2.2.2. Tensile Fatigue Tests

As shown in Figure 2a, the fatigue tests were conducted on the Instron 8801 servo-hydraulic testing system (Instron Inc., Shanghai, China). Parameters of the sinusoidal waveform and stress ratio R = 0.0526 were set. RTD specimens were directly exposed to the environment and CTD/ETW specimens were placed in the conditioning chamber during testing. Hang extensometers with a maximum measurement range of 2.5 m in the longitudinal and transverse directions, respectively, were used to measure strains. The standard test method [29] points out that the loading frequency should ensure the change of the surface temperature of the test specimens does not exceed 10 °C. Therefore, an infrared temperature tester was used to monitor the temperature, and the loading frequency is set to 1 Hz according to the monitoring results. Due to the phenomenon of heating and water loss in the fatigue test of composite materials, the test specimens were moisturized by the method shown in Figure 2b under the ETW environment. Four stress levels which represent the maximum fatigue stress were selected based on some certain percentages of static strength. The test was terminated once the specimen was broken or the dynamic stiffness of the specimen was reduced by 10%.

3. Numerical Study

3.1. Basic Property Degradation

The wet and thermal environment seriously weaken the properties of the matrix and matrix/fiber interface, so its basic mechanical properties are deteriorated.

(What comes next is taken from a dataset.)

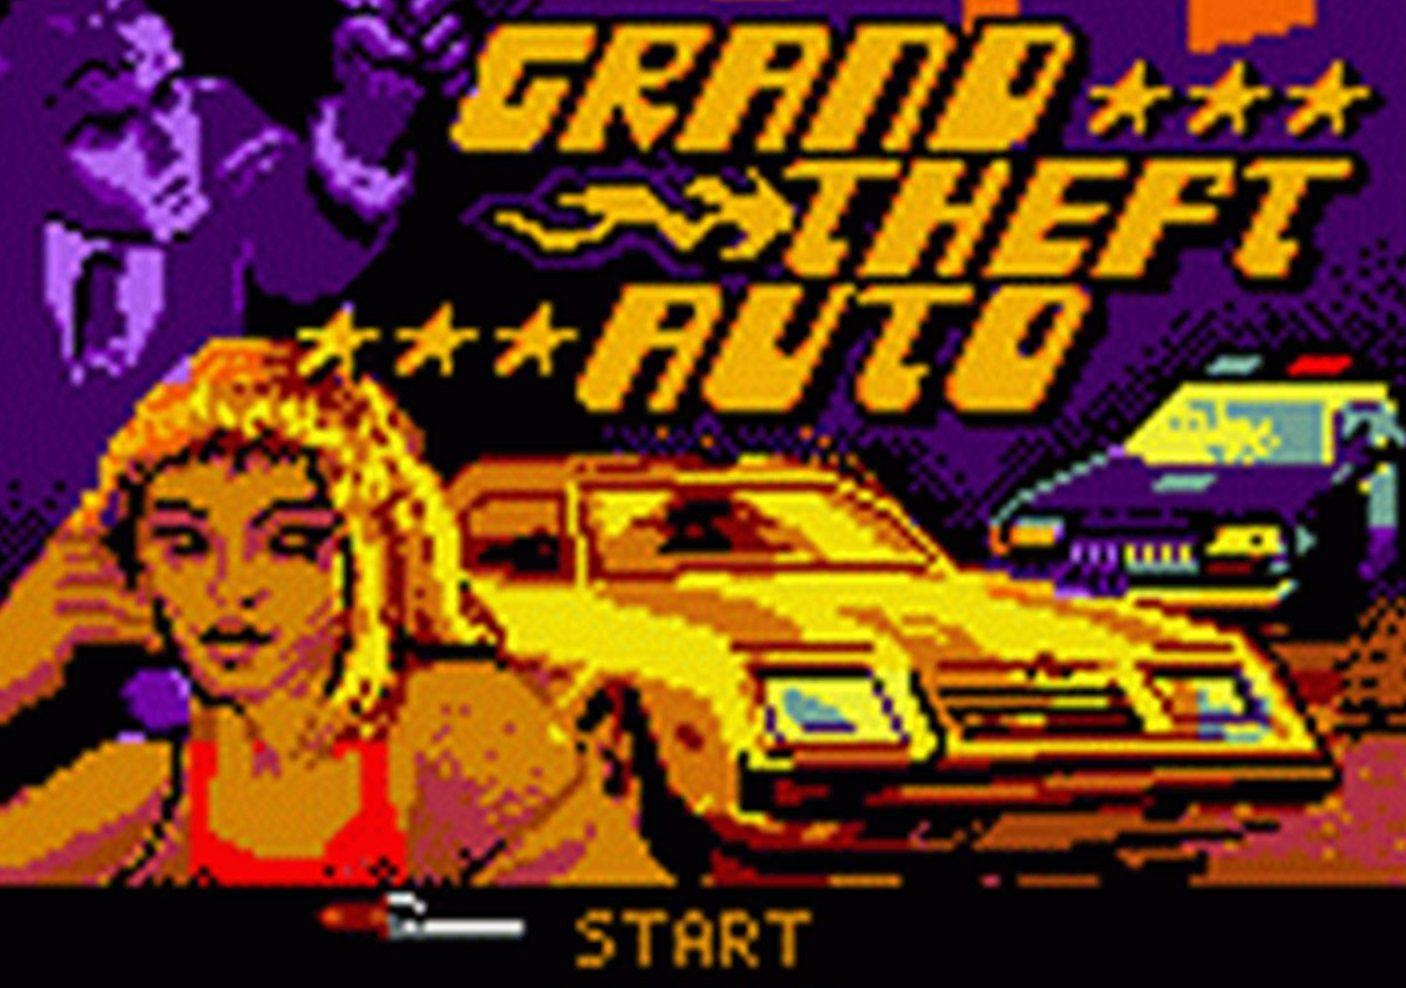 car thieves game boy gta

The mechanical properties in RTD are shown in

Table 2. Material parameters [28].

${\mathit{E}}_{11}^0/\mathbf{GPa}$	${\mathit{E}}_{22}^0/\mathbf{GPa}$	${\mathit{X}}_{\mathbf{T}}^0/\mathbf{MPa}$	${\mathit{Y}}_{\mathbf{T}}^0/\mathbf{MPa}$	${\mathit{G}}_{12}^0/\mathbf{GPa}$	${\mathit{S}}_{12}^0/\mathbf{MPa}$	$\mathit{\rho }$	${\mathit{\rho }}_{\mathbf{m}}/\mathbf{g}/{\mathbf{cm}}^3$	${\mathit{V}}_{\mathbf{m}}/\%$
54.3	54.3	680	680	3.26	116	1.42	1.23	45

. The model established by Shan et al. [32] is used to describe the change law of basic mechanical properties in wet and thermal environments, in which the dimensionless T* considers the influence of temperature and moisture absorption on basic mechanical properties. T* can be described as

$$T^{*}=\frac{T_{\mathrm{gw}}-T}{T_{\mathrm{g}0}-T_0}$$

(2)

In which T is the current temperature, T₀ is the starting temperature, T_gw is the glass transition temperature of resin when the current moisture absorption is C, and T_g0 is the glass transition temperature of resin in dry state. T_gw and T_g0 satisfy the following relationship,

$$T_{\mathrm{gw}}=T_{\mathrm{g}0}-gC$$

(3)

In which, C is the current moisture absorption of resin and g is the constant. The resin moisture absorption C is calculated from the moisture absorption content M of laminates, resin density ${\rho }_m$, laminate density $\rho$ and resin volume content $V_m$ according to Equation (4),

$$C=\frac{\rho M}{{\rho }_m{V}_m}$$

(4)

After the dimensionless T* is obtained, the strength and stiffness of laminates are attenuated according to Equation (5),

$$\begin{array}{l}\frac{E_{11}}{E_{11}^0}=\frac{E_{22}}{E_{22}^0}={\left(T^{\ast }\right)}^a\\ \frac{X_{\mathrm{T}}}{X_{\mathrm{T}}^0}=\frac{Y_{\mathrm{T}}}{Y_{\mathrm{T}}^0}={\left(T^{\ast }\right)}^{\mathrm{b}}\\ \frac{G_{12}}{G_{12}^0}={\left(T^{\ast }\right)}^{\mathrm{c}}\\ \frac{S_{12}}{S_{12}^0}={\left(T^{\ast }\right)}^{\mathrm{d}}\end{array}$$

(5)

In which, E₁₁ and E₂₂ are the elastic modulus of laminates along longitudinal and transverse directions under the current environment, respectively, $E_{11}^0$ and $E_{22}^0$ are elastic modulus along two directions in RTD, respectively, X_T and Y_T are the tensile strength along two directions under the current environment, respectively, $X_{\mathrm{T}}^0$ and $Y_{\mathrm{T}}^0$ are the tensile strength along two directions in RTD, respectively, G₁₂ and S₁₂ are the in-plane shear modulus and strength of laminates under the current environment, respectively, $G_{12}^0$ and $S_{12}^0$ are the in-plane shear modulus and strength in RTD, respectively. Finally, a, b, c, and d are the degradation constants of material properties in wet and thermal environments.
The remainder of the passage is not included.